States would then have the control to adopt even more revolutionary welfare reforms that would be even more effective in moving recipients from welfare to work, and eliminating other perverse incentives of welfare, such as the incentives for unwed pregnancies and single motherhood. My favorite model, one I would propose to the states, would involve a simple offer of work for the able-bodied. Those who needed assistance would report to their local welfare office before 9 a.m., where they would receive a work assignment. The office would then attempt to assign each applicant to a private sector job, permanent if possible, but temporary at least. If no private sector work assignments were available, the welfare office would assign the applicant to a task for the day working for the government. But everyone who shows up for work would be guaranteed a work assignment.
The applicant would be paid in cash at the end of the day at a wage ideally equal to 90% of the minimum wage, to assure that applicants would have an incentive to find private sector jobs if they could. But the plan would work even if the applicants were paid the minimum wage. EITC wage supplements could still be provided for low-income workers. The government would provide day care for single mothers who needed such assistance to work. For those who continued to work consistently, vouchers would be provided for health insurance. Eventually funds could even be provided to help with home ownership.

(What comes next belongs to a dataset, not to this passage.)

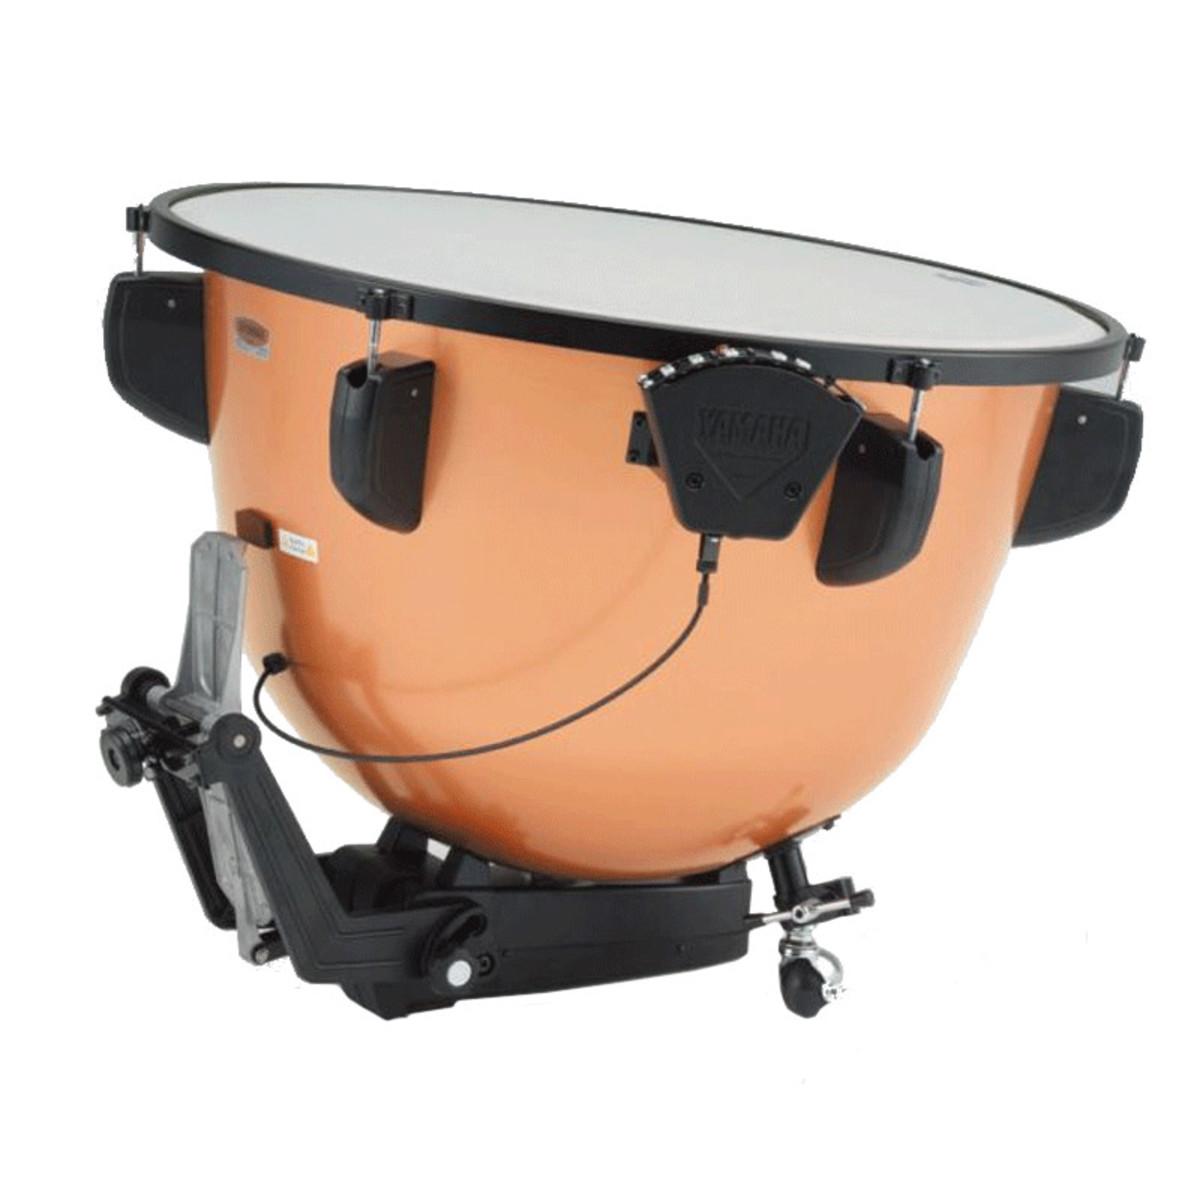 Yamaha tp 3126 portable timpani 26 inch at for Yamaha portable drums

This would provide much better assistance for the poor than the current system. Indeed, it would eliminate all involuntary poverty in America, as work with enough in wages and assistance would always be guaranteed for all of the able-bodied poor. (Those who were disabled and unable to work would receive assistance through other programs.)
At the same time, all welfare incentives for non-work would be eliminated. Every able-bodied American would have to work to support himself in any event. So there would be no incentive not to take any available jobs. Moreover, those with children would have to work to support them in any event as well. As a result, there would be no incentive from welfare for unwed births and illegitimate pregnancies.
This would be truly revolutionary reform with great appeal and popularity among the American people, rather than the old-fashioned, backward-looking socialism offered by Obama and his left-wing Democrats. Republicans and conservatives need to shake off oppressive Obama domination, and lead America back to prosperity.